The Tax Cuts Are Working: Hooray For Us And Thank-God! 

So says our President.

Buoyed by the first increase in the nation's employment since January, President Bush campaigned in the Middle West today, where he declared that his tax-relief policies would lead the country out of government deficits and toward wider prosperity for the American people.

"It's based upon this theory," Mr. Bush told an audience estimated at 1,000 in the Milwaukee convention hall. "When somebody has more money in their pocket, they're more likely to demand a good or a service; and in our society, when you demand a good or a service, somebody's going to produce the good or a service; and when somebody meets that demand with production, it means somebody is more likely to be able to find a job.

"The tax relief we passed, letting people keep more of their own money, is an essential ingredient to making sure people can find work in America," Mr. Bush said as his audience applauded

Gee, thanks for that wonderfully clear, not to say simple-minded explication of your theory of free market economics, but not so fast, Mr. President. Let's take a moment to check out what well-known, universally admired, distinctly left of center, and always witty economist, Max Sawicky has to say on the subject.

There is a new employment report out today, and the job growth number has finally turned around from negative to positive. 57,000 jobs were added in September, the first positive month since January

(edit)

How big is 57,000? Not big enough to reduce the unemployment rate, since the labor force grows faster than this rate of change implies.

Still, up is better than down. Does it mean the tax cuts are working, or that they could work? No and no. The tax cuts have already failed, the Congress has failed, and the President has failed. All we're doing now is plumbing the depths.

One thing about the moral clarity of our President, you never have to wonder if this President might be aware of alternate views outside the particular box in which his own opinions are formed. The chances that any of the President's staff, who by his own admission do his reading for him, would ever have acquainted him with the work of a Max Sawicky can reliably be projected as nil. Not surprisingly considering sentiments like these:

The fiscal policy mandate for the Federal government is to do its utmost to alleviate job losses. We are now looking at four million jobs lost since the start of the recession. Job losses mean individual bankruptcy, mortgage foreclosure, eviction, repossession, loss of health insurance, homelessness, hunger, and other bad stuff.

The President and other tax cut supporters promised huge job gains as a result of their policies. Instead we are seeing huge shortfalls, relative to their promises.

How many of you can even begin to imagine this President having any concrete awareness of the connection between high unemployment and that list of social ills, raise your hands?

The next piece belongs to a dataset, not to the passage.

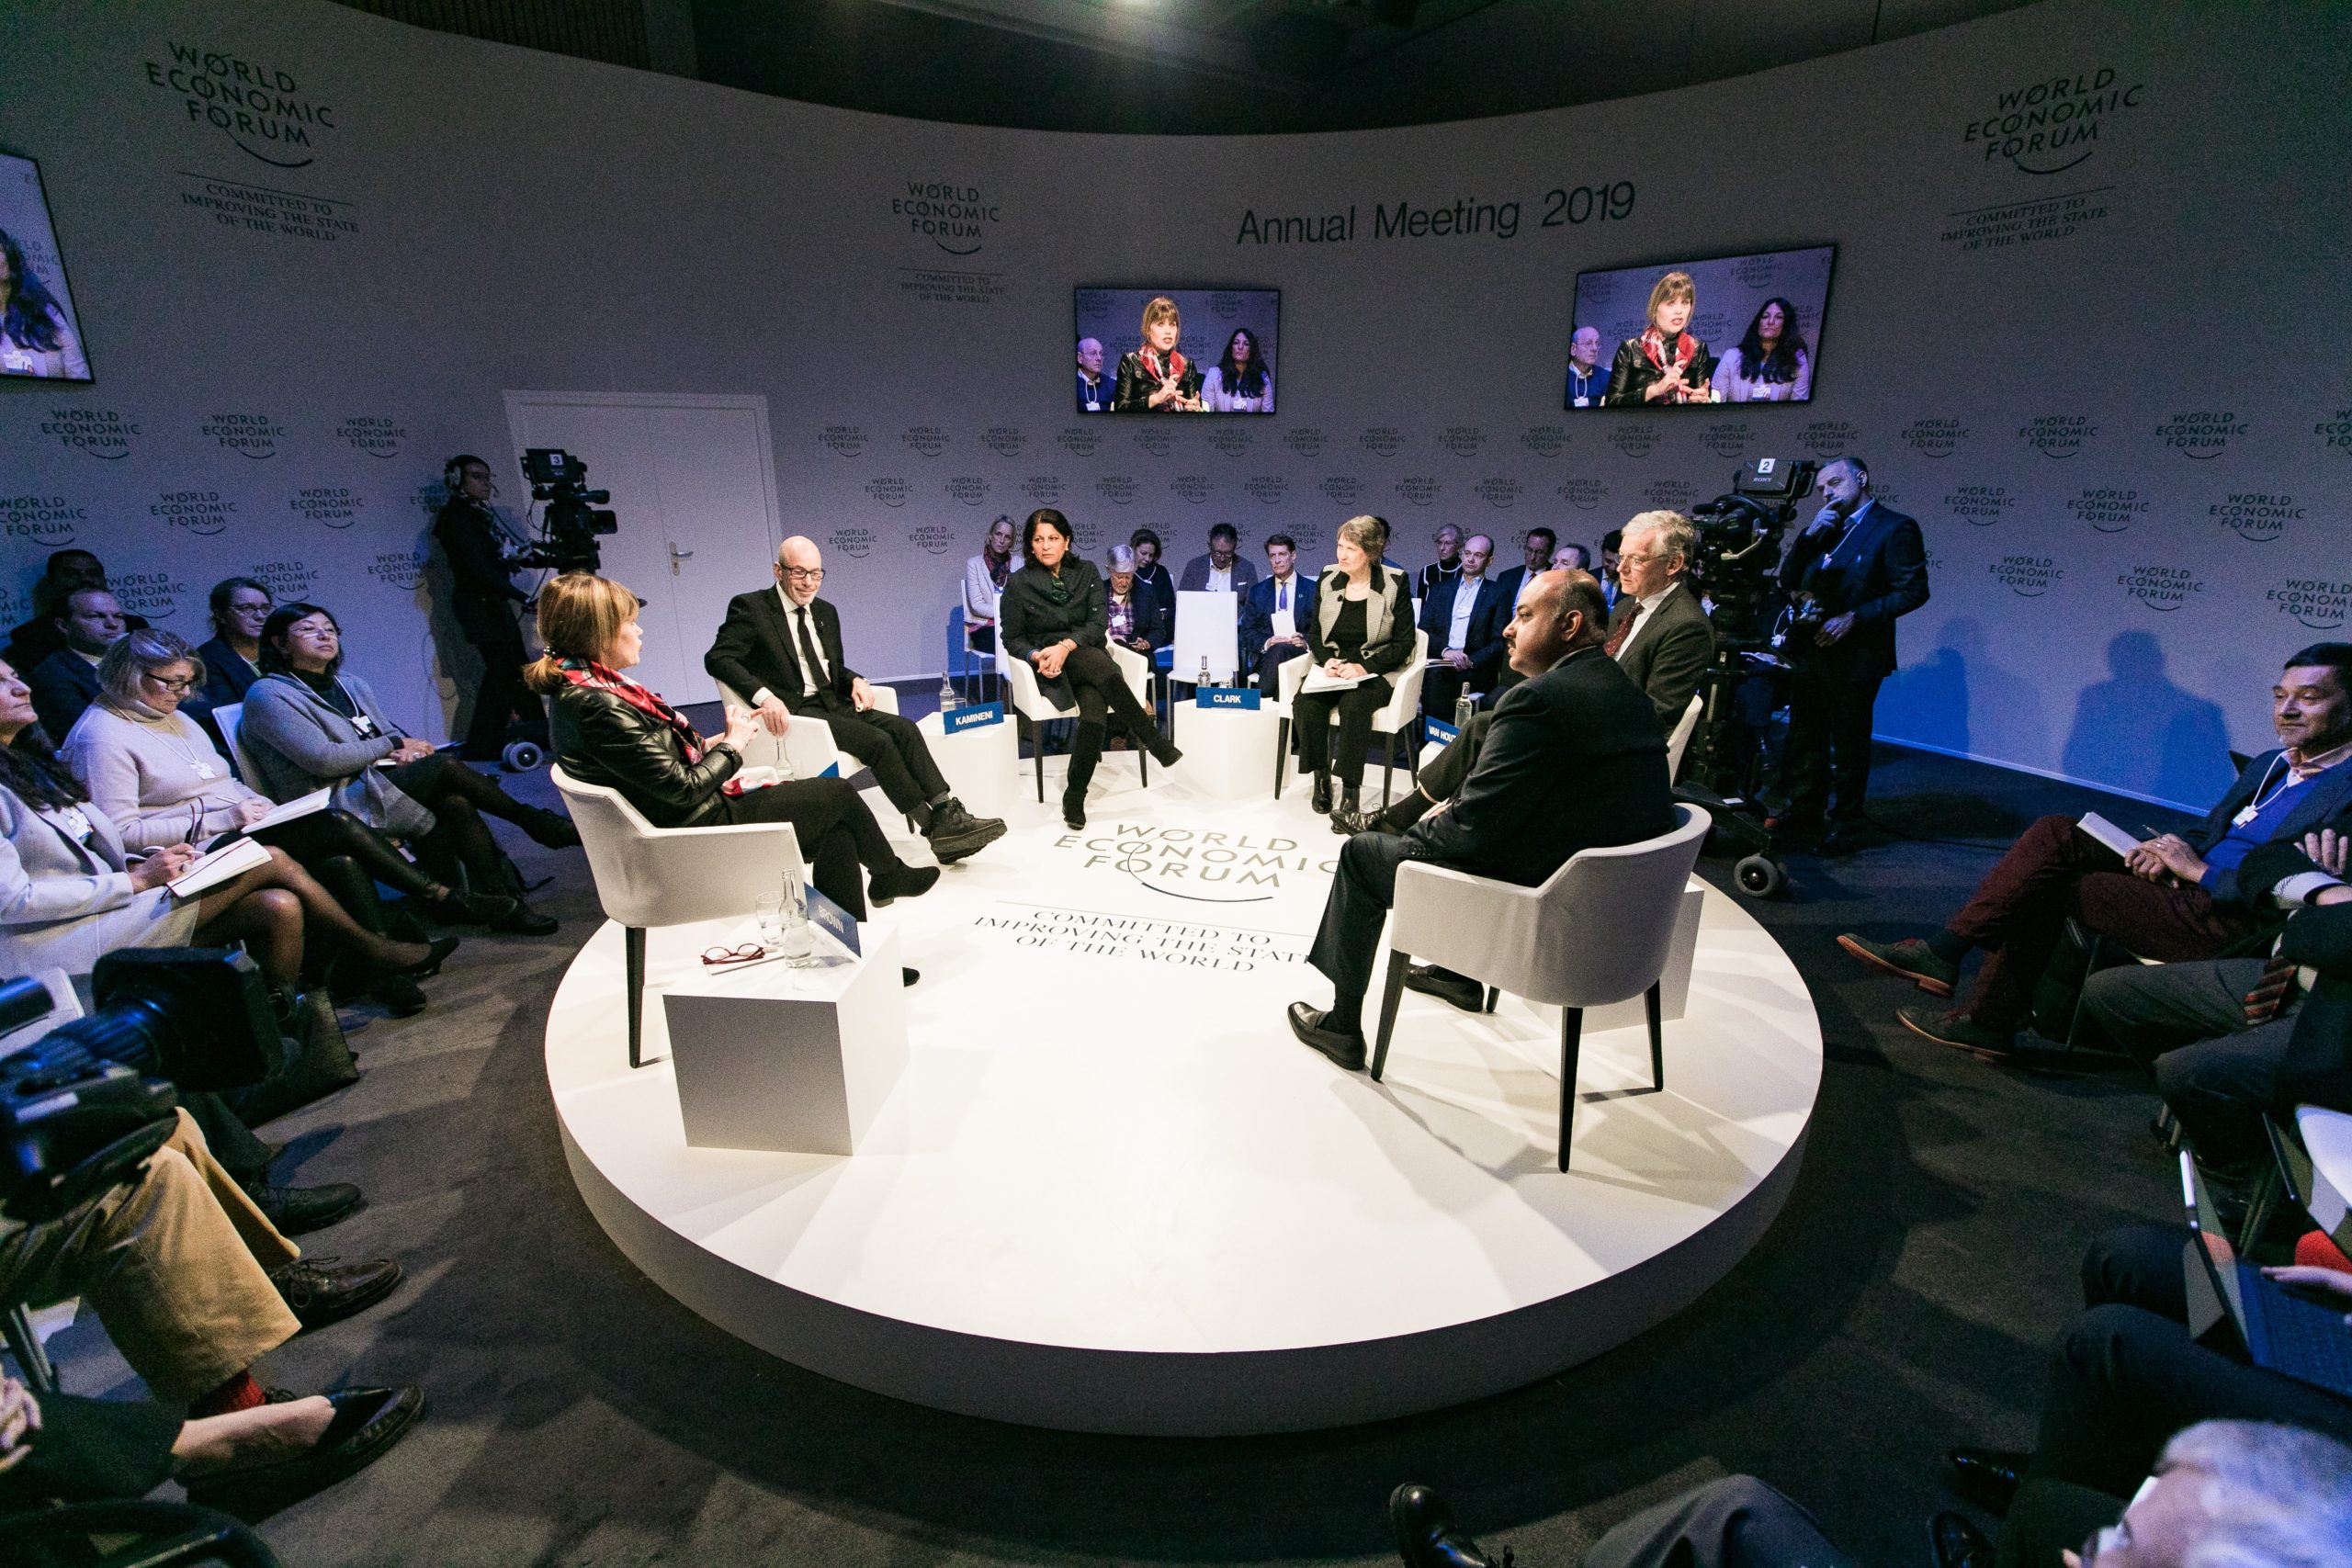 The Davos Manifesto 2020

Nor is that connection something that your SCLM is going to be talking about the minute there are any continuing upticks in economic outlook. That is going to be our challenge in the next fifteen months.

I know I'm repeating myself, but this challenge is one that can't be repeated, analyzed, and acted upon too often.

Max's own think tank, Economic Policy Institute, has an important site, "Job Watch, Tracking jobs and wages" you should bookmark, and return to often to renew your arsenal of information about the exact dimensions of the failure of Bush's economic doctrines.

One could ask, what doctrines, since other than paying lip service to them, the only legtimate economic role for government the President appears to genuinely believe in is cutting taxes. So don't be surprised that there are more cuts in the (clearing of throat here) pipeline, and as ever, they're skewed to make sure the haves keep on having, in a manner worthy of robber barons.

The point here has nothing to do with anything as exotic as class warfare; if any statement that comments on economic inequities is to be taken as class warfare, then class warfare has been going in this country long before Marx was a gleam in the eye of Papa Marx. Max has one up by Benjamin Franklin; here at 'corrente,' we're planning to replace Monsieur Voltaire with some shockingly radical market-doubting comments by Thomas Jefferson, and yes, the sainted Lincoln.

The point, as John Edwards points out in most of his speeches, better than the other candidates do, even Dr. Dean, is the transfer of wealth from the middle class to the upper economic rungs of our society, by leveling progressive taxation on wages in multiple ways, many hidden, while reducing taxes on unearned income in ways just as hard to keep track of.

The Center on Budget Policy & Priorities has all the gruesome details here.

Study, remember, share.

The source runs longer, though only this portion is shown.